▶ **INSTRUCTIONS FOR THE TASK**
Repeat all of the data below word for word, keeping no images.
Start of THE DATA
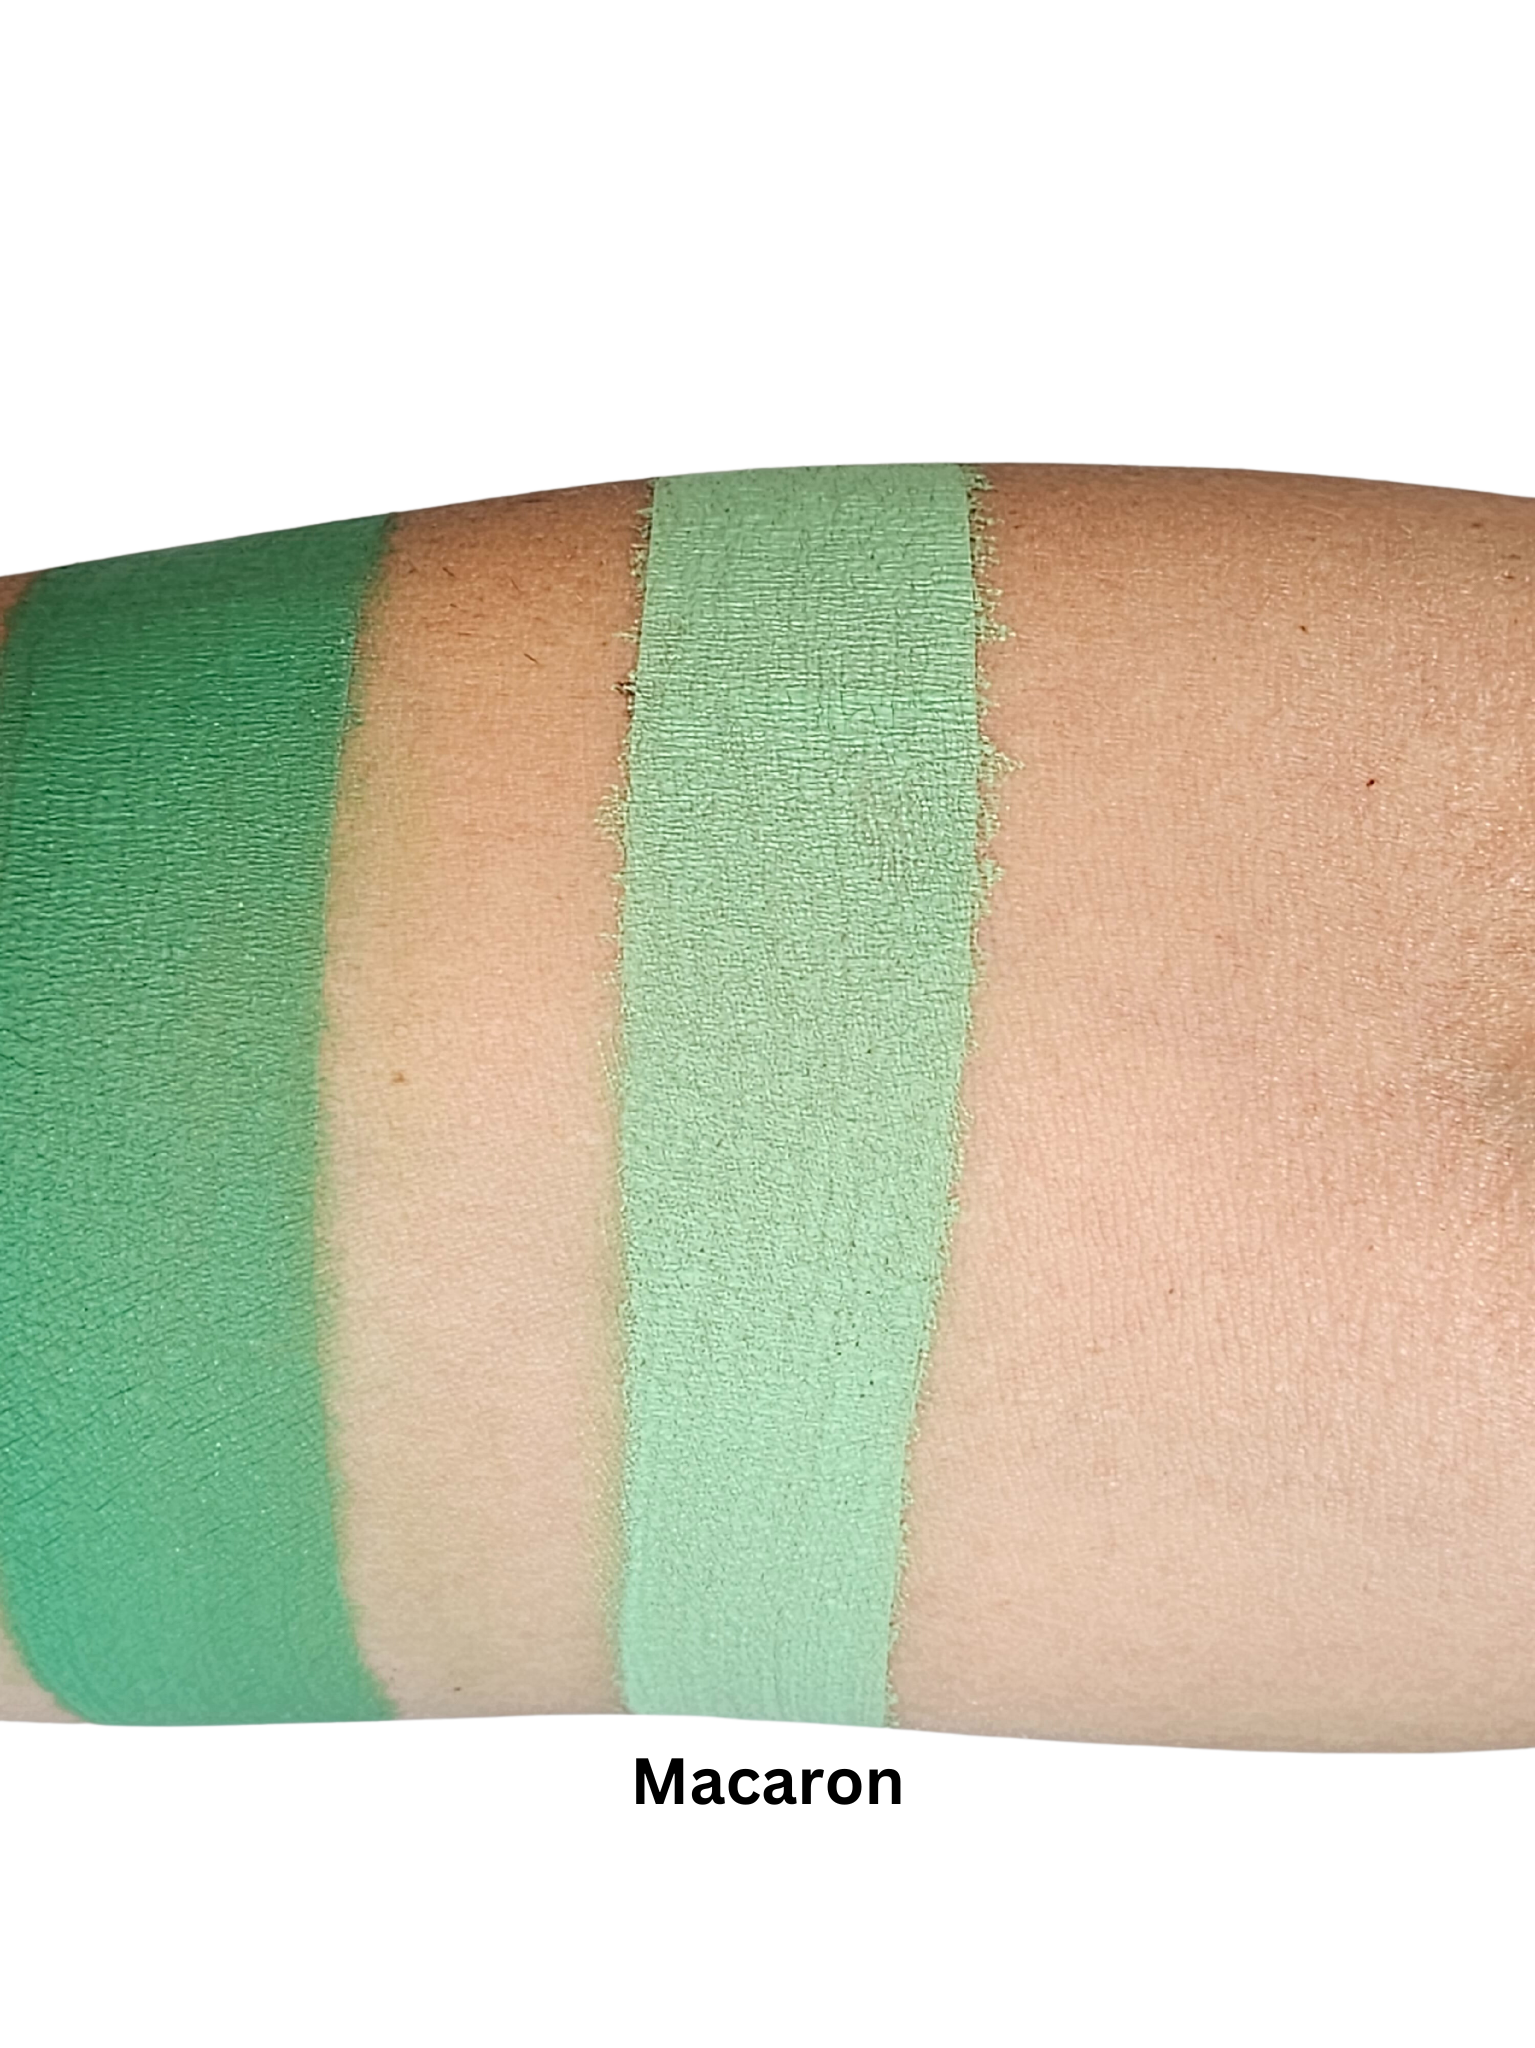 Fusion Body Art Face Paint - Prime Macaron Green 32g
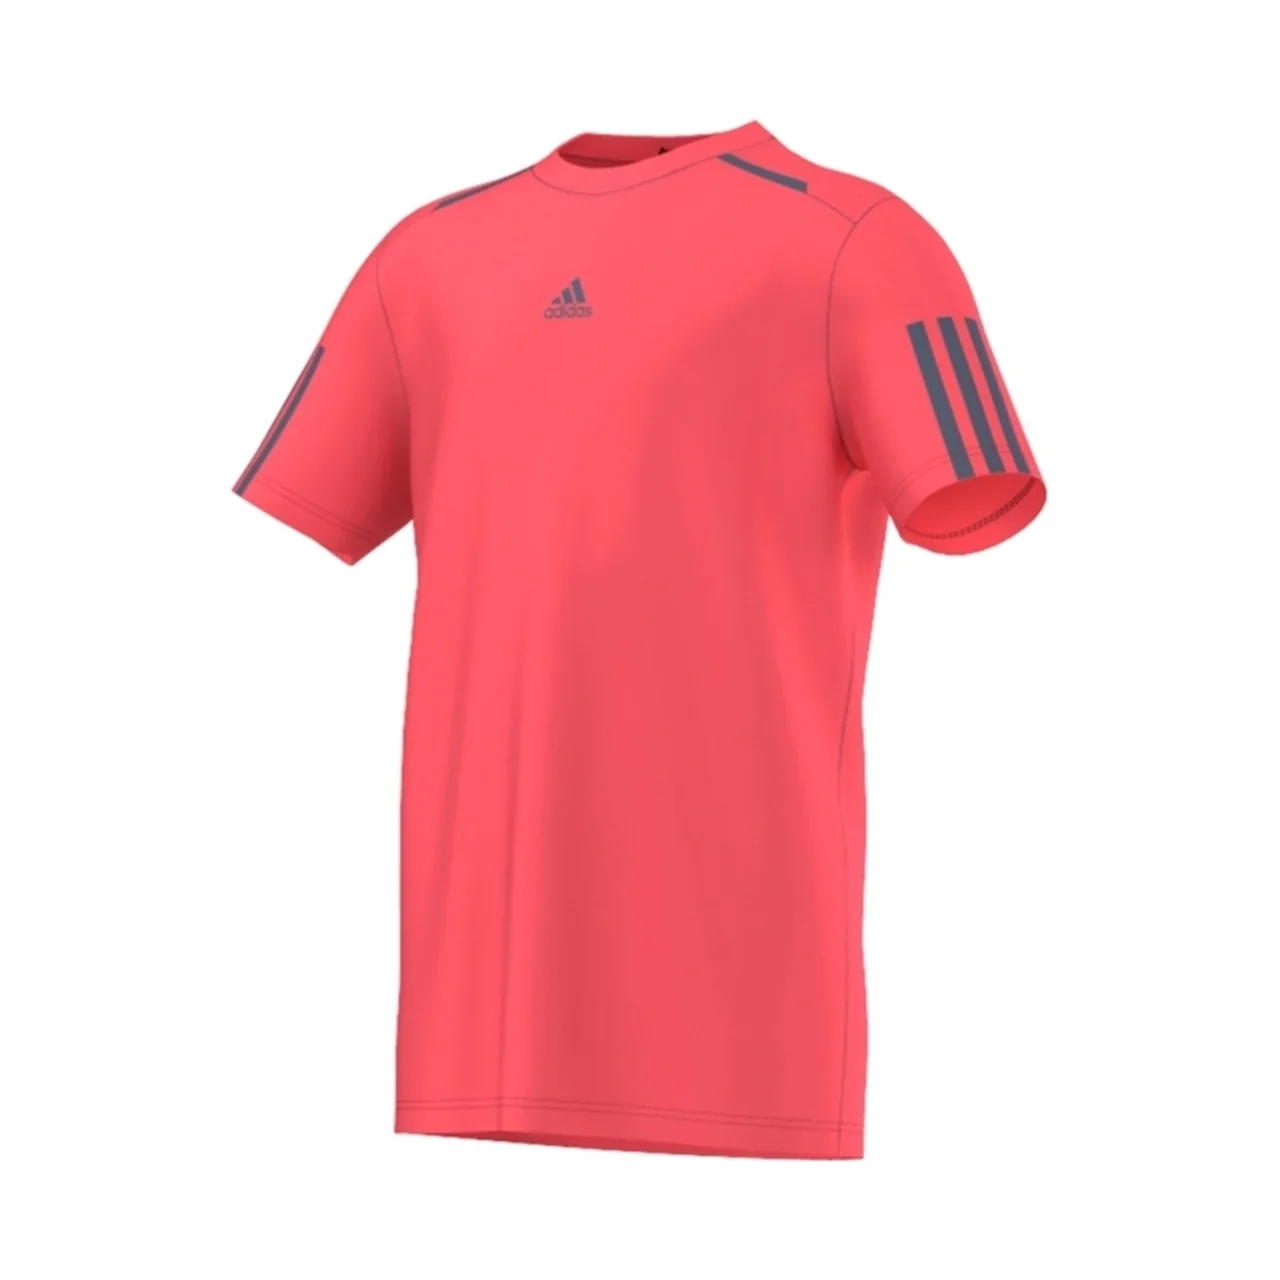 Adidas Barricade T-shirt Boy Flash Red/Tech Ink Size 128 cm
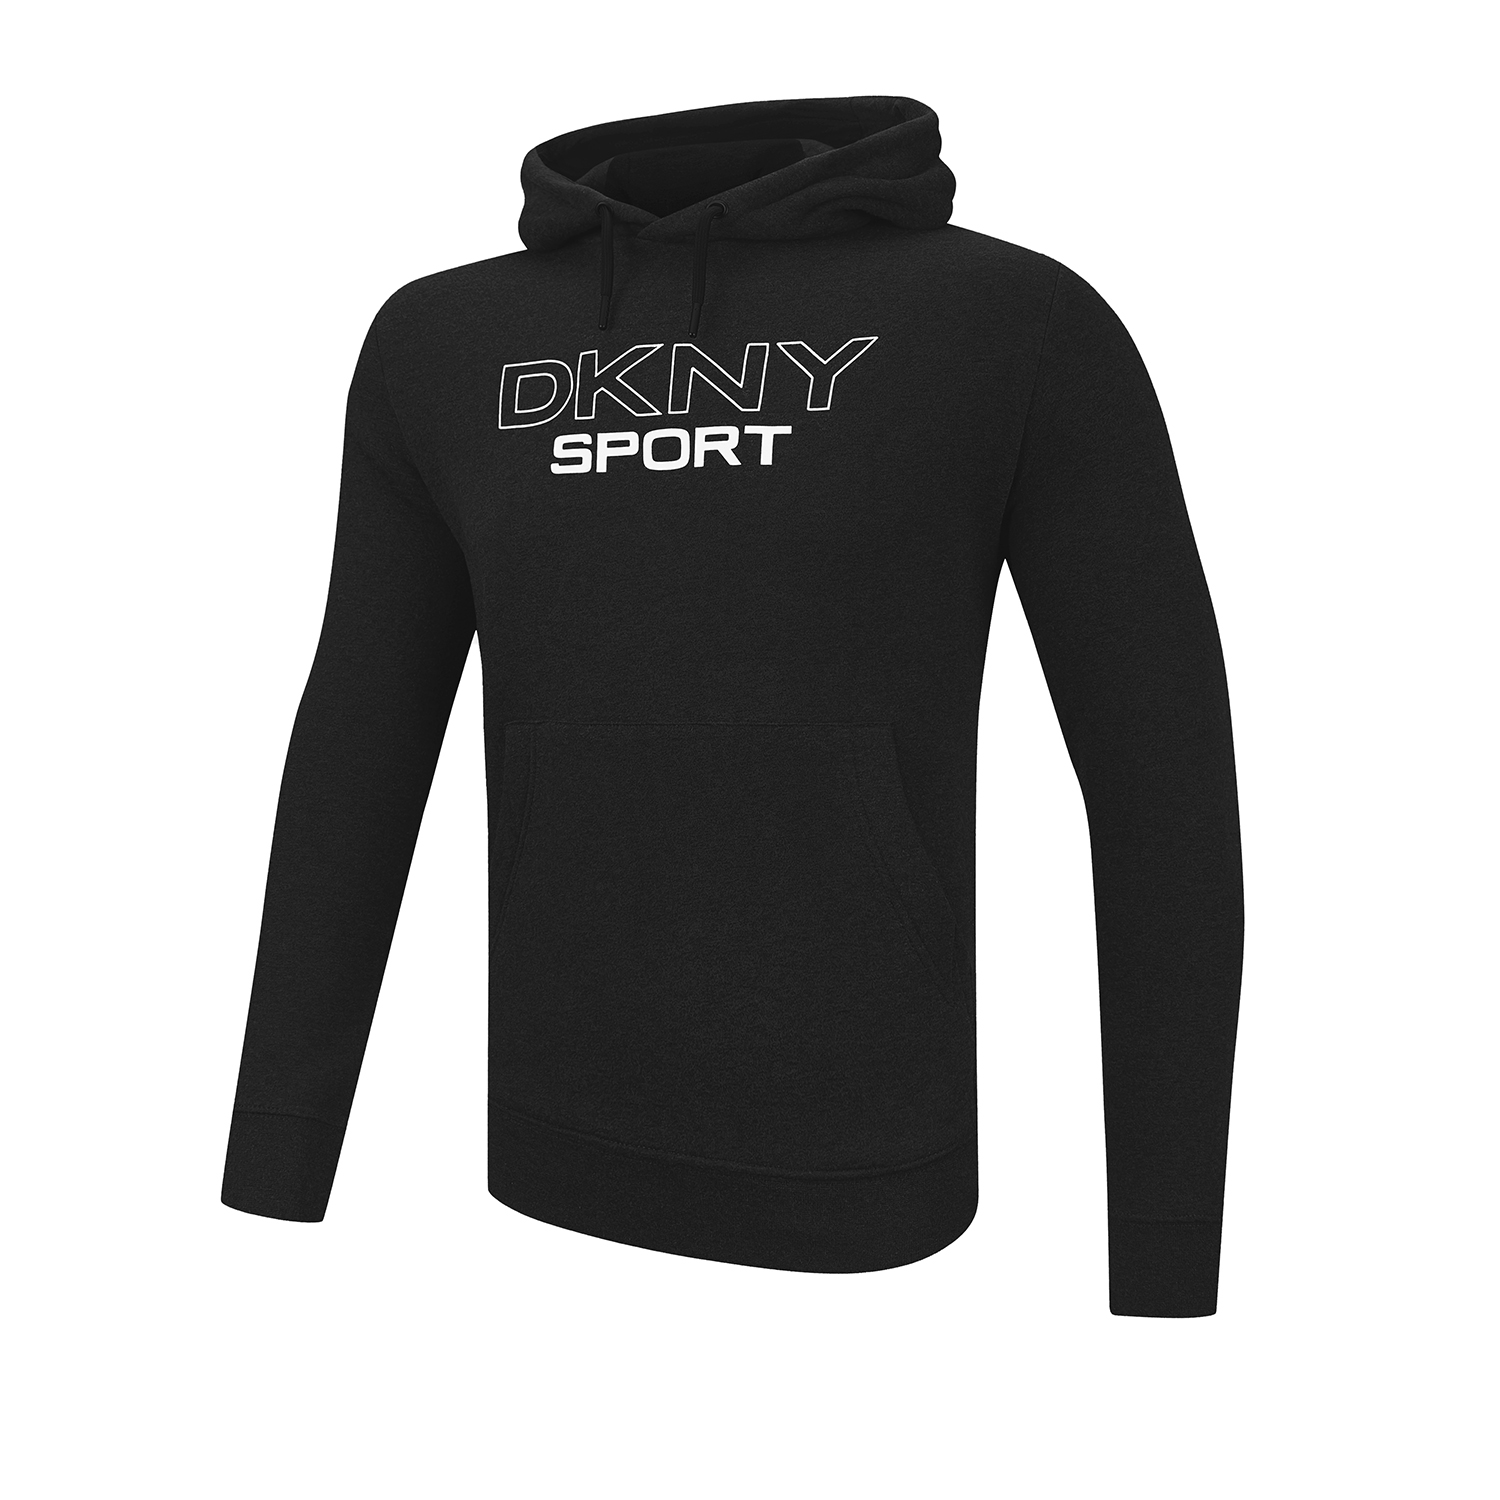 DKNY Sports Clothing, Sportswear
End of THE DATA
▶ **OUTPUT OF THE TASK**
 Fusion Body Art Face Paint - Prime Macaron Green 32g
 Adidas Barricade T-shirt Boy Flash Red/Tech Ink Size 128 cm
 DKNY Sports Clothing, Sportswear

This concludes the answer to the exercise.